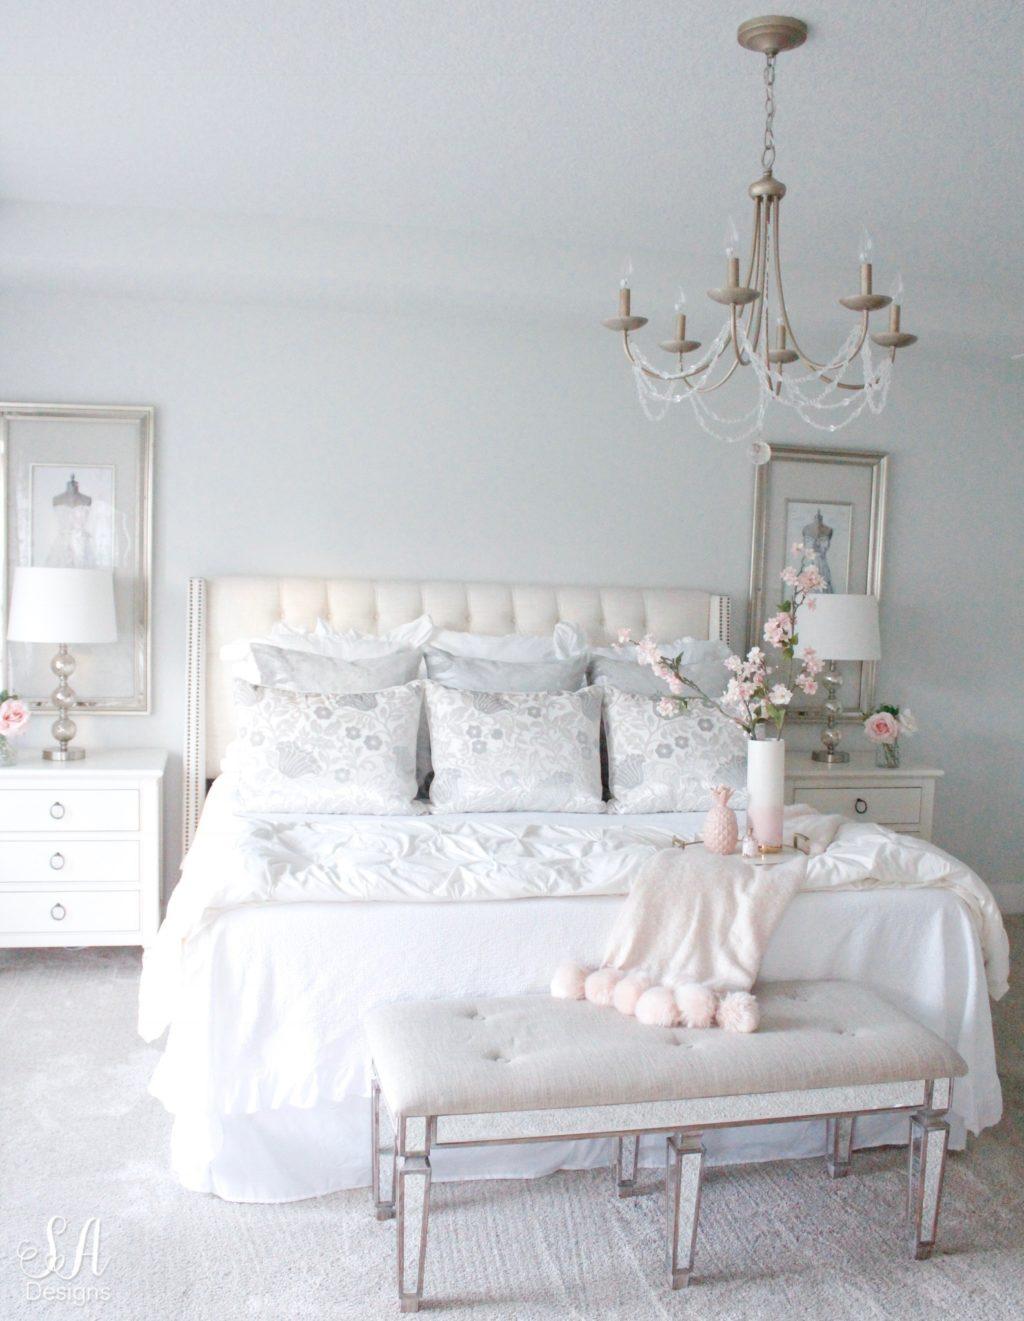 Nordstrom At Home Throw Blanket Blush Tones Neutral Elegant Bedroom Gray Owl
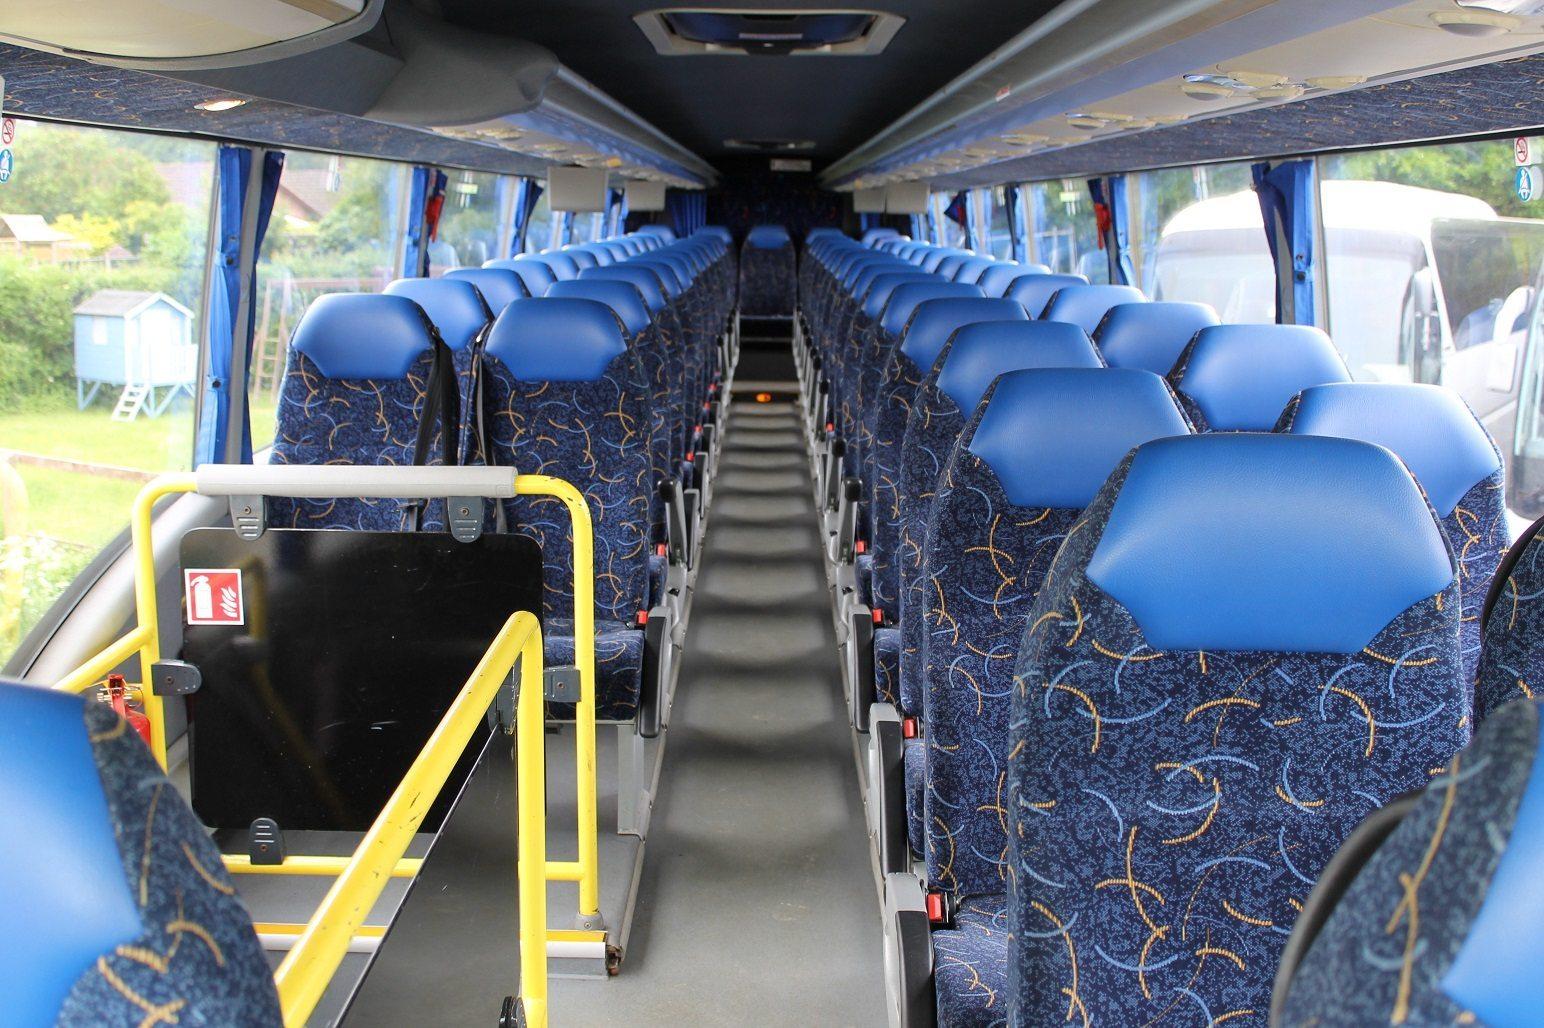 07 AYATS BRAVO 1 DOUBLE DECK 81 SEAT - Hills Coaches
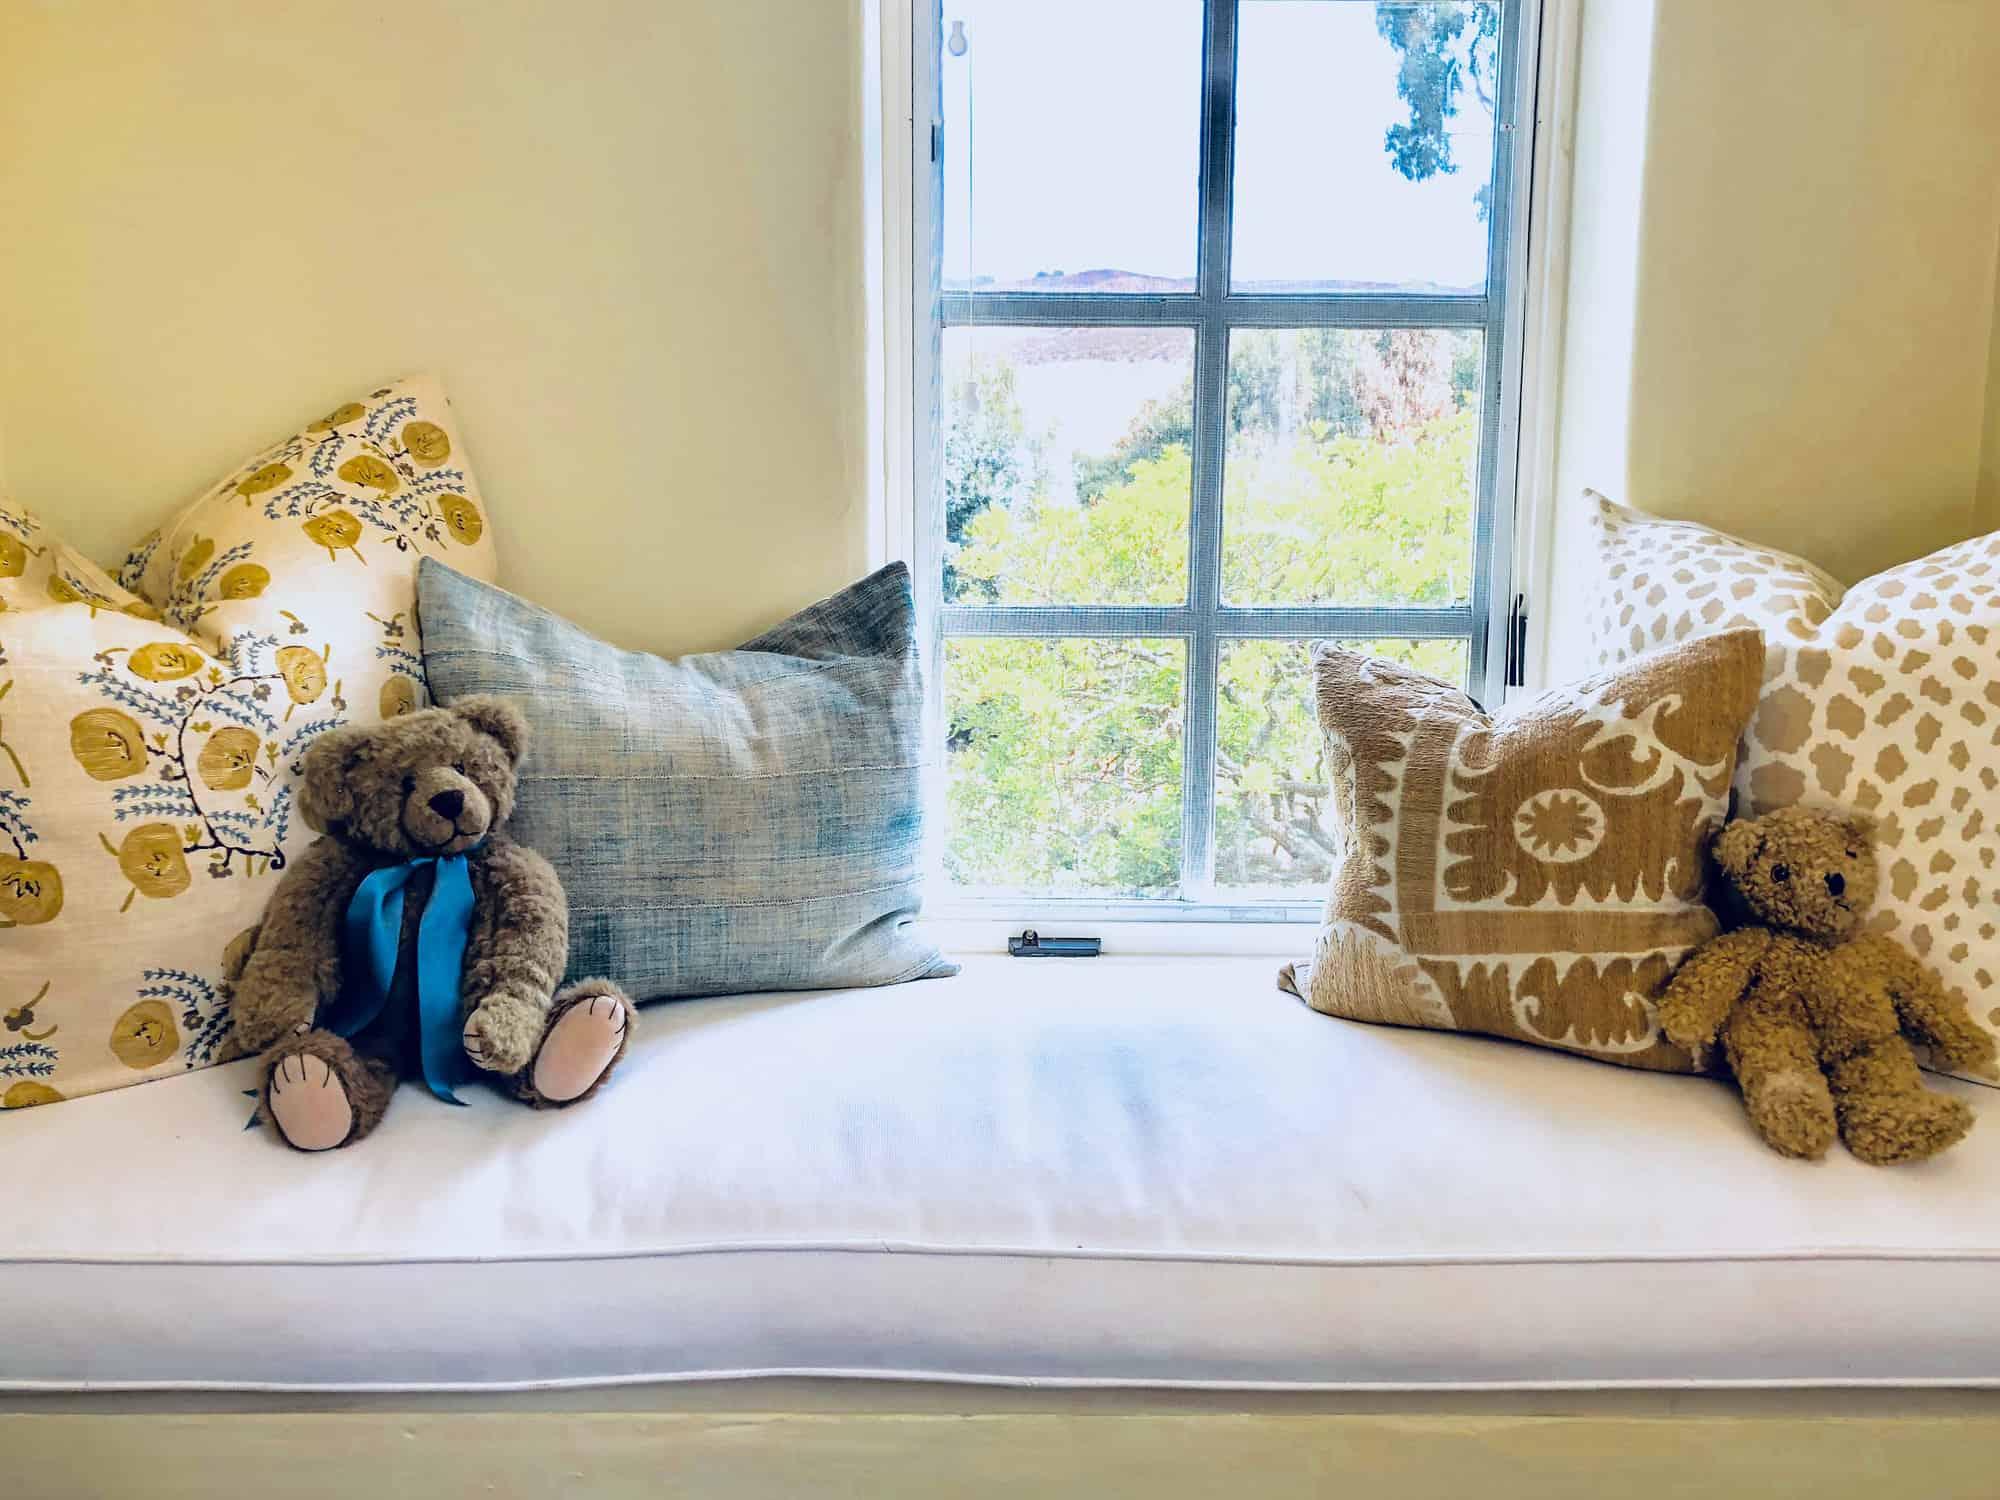 windowseat with bears
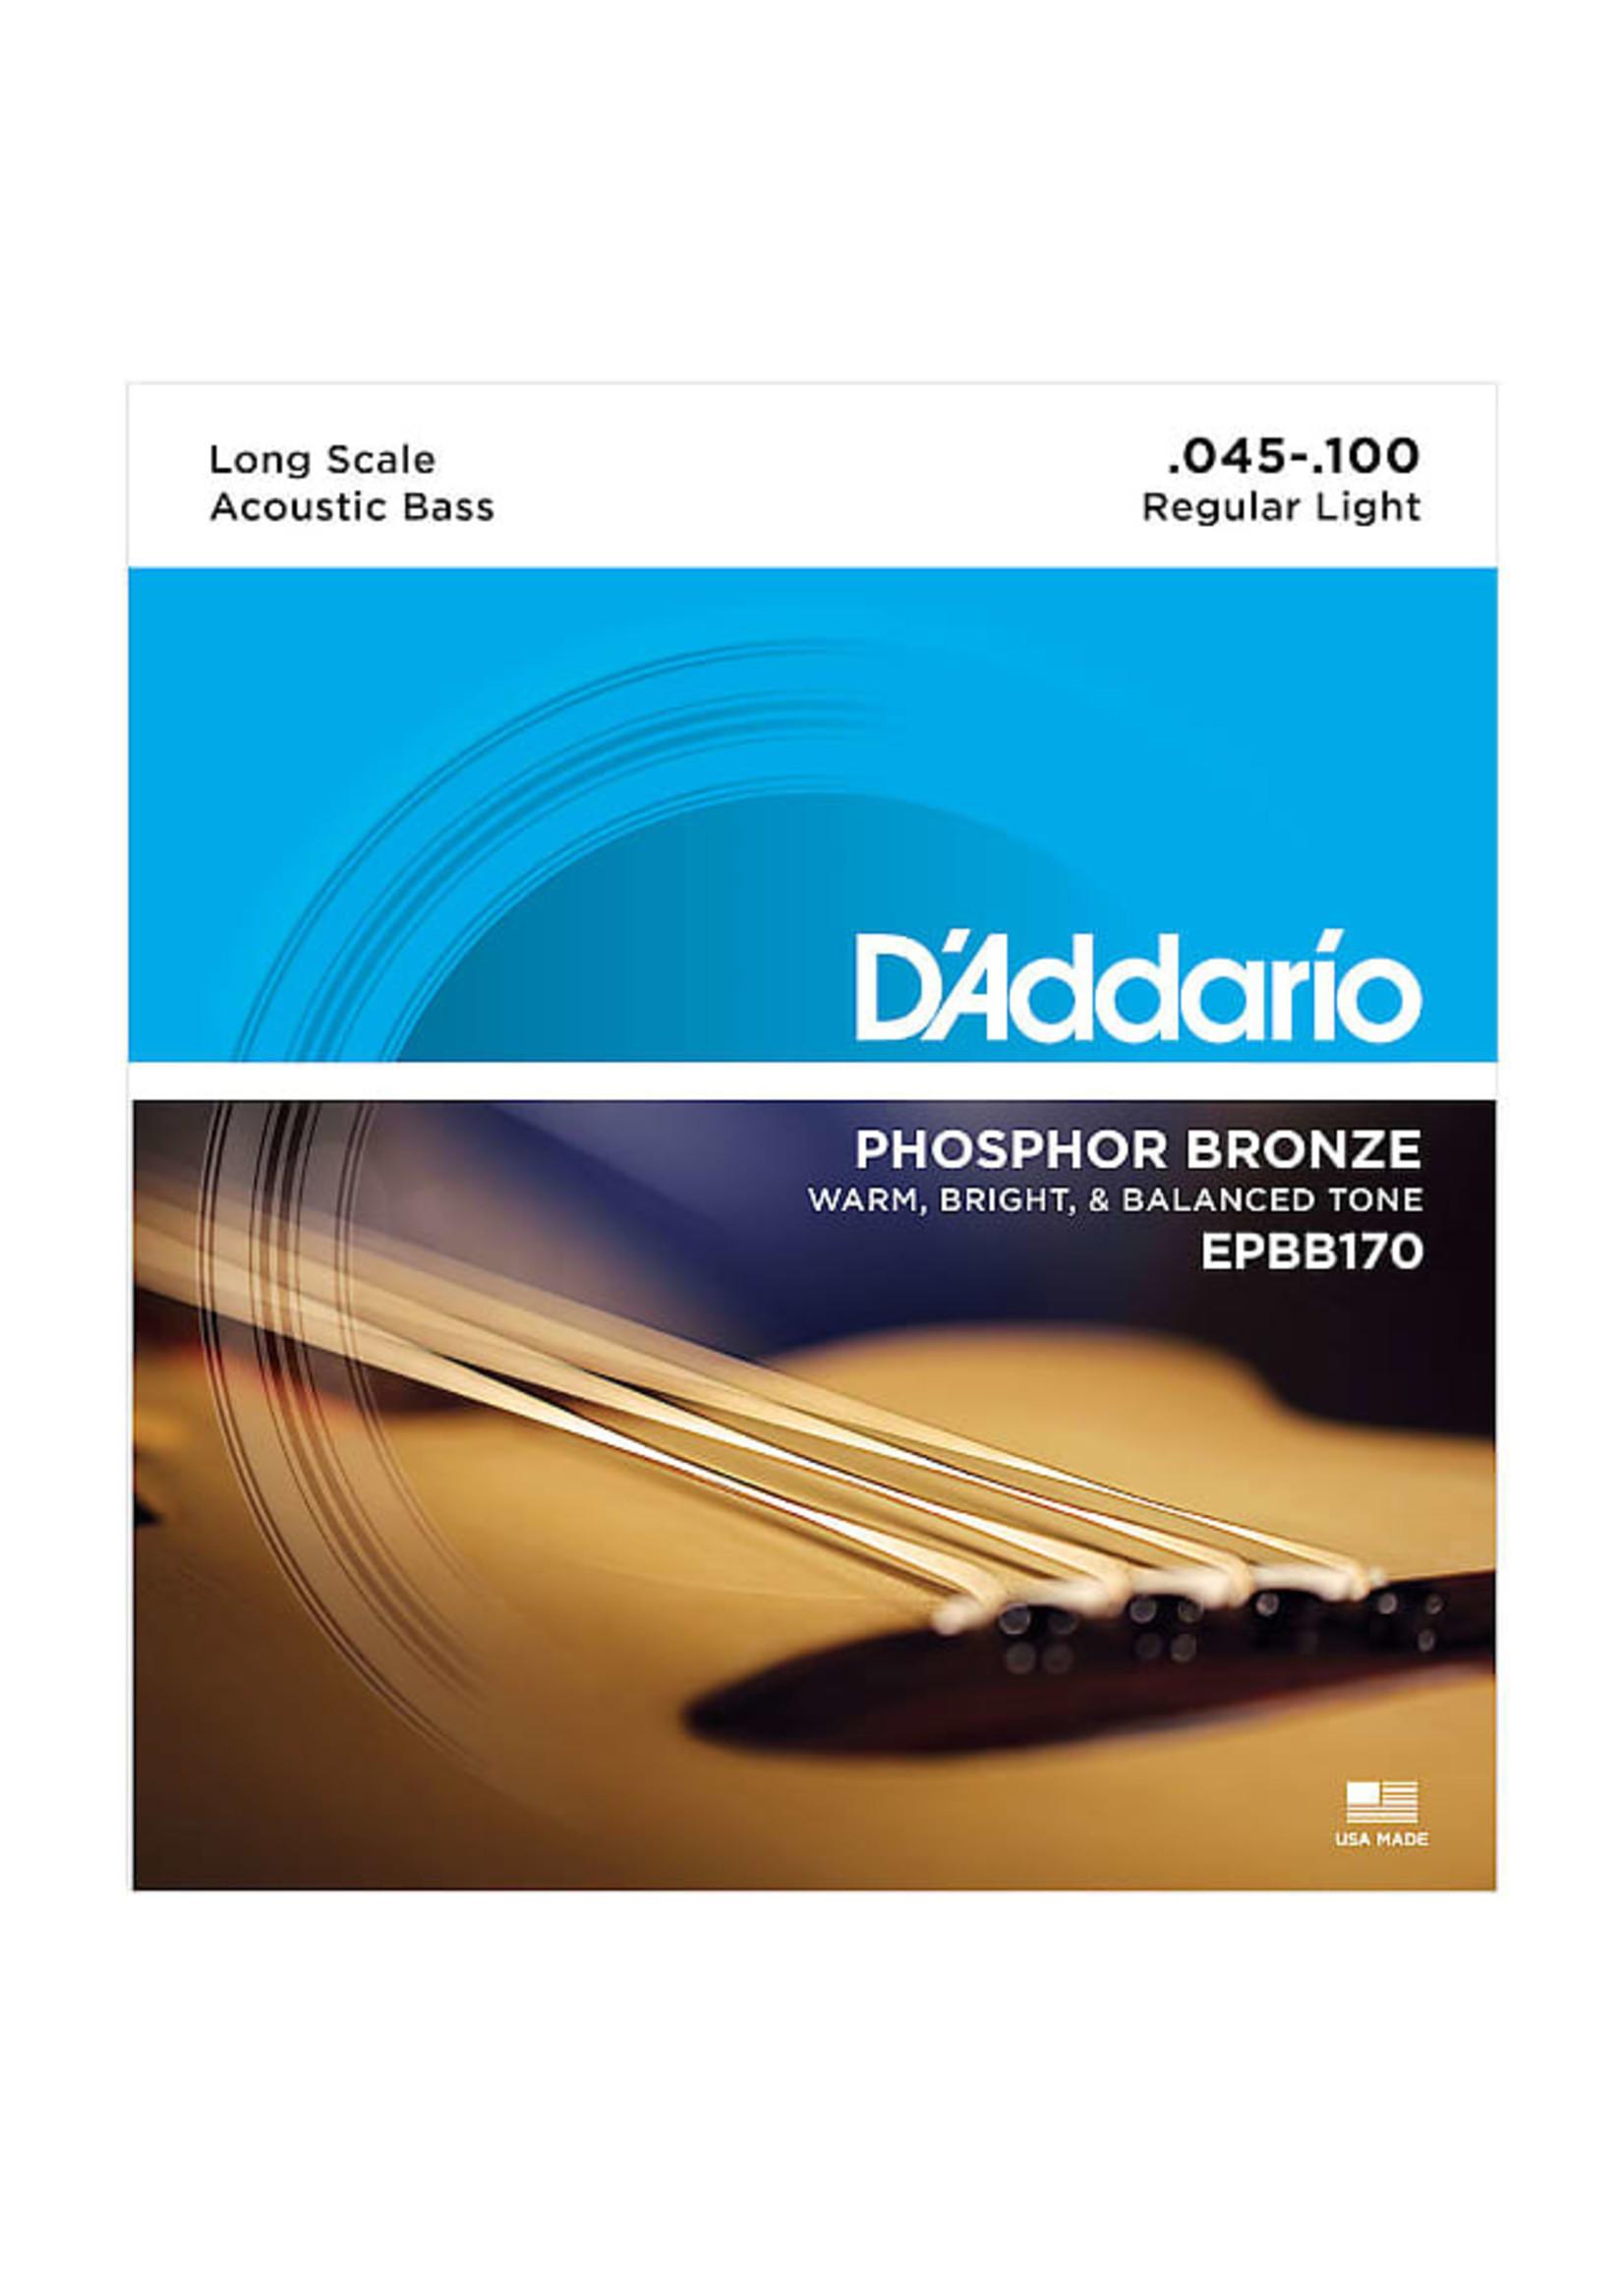 D'Addario D'Addario EPBB170 Phosphor Bronze Acoustic Bass, Long Scale, 45-100

§

Exact copy required, pictures excluded: the lines from the one holding "windowseat with bears" through the last line of the data, both ends included.

▶ Answer section:
 windowseat with bears
 D'Addario D'Addario EPBB170 Phosphor Bronze Acoustic Bass, Long Scale, 45-100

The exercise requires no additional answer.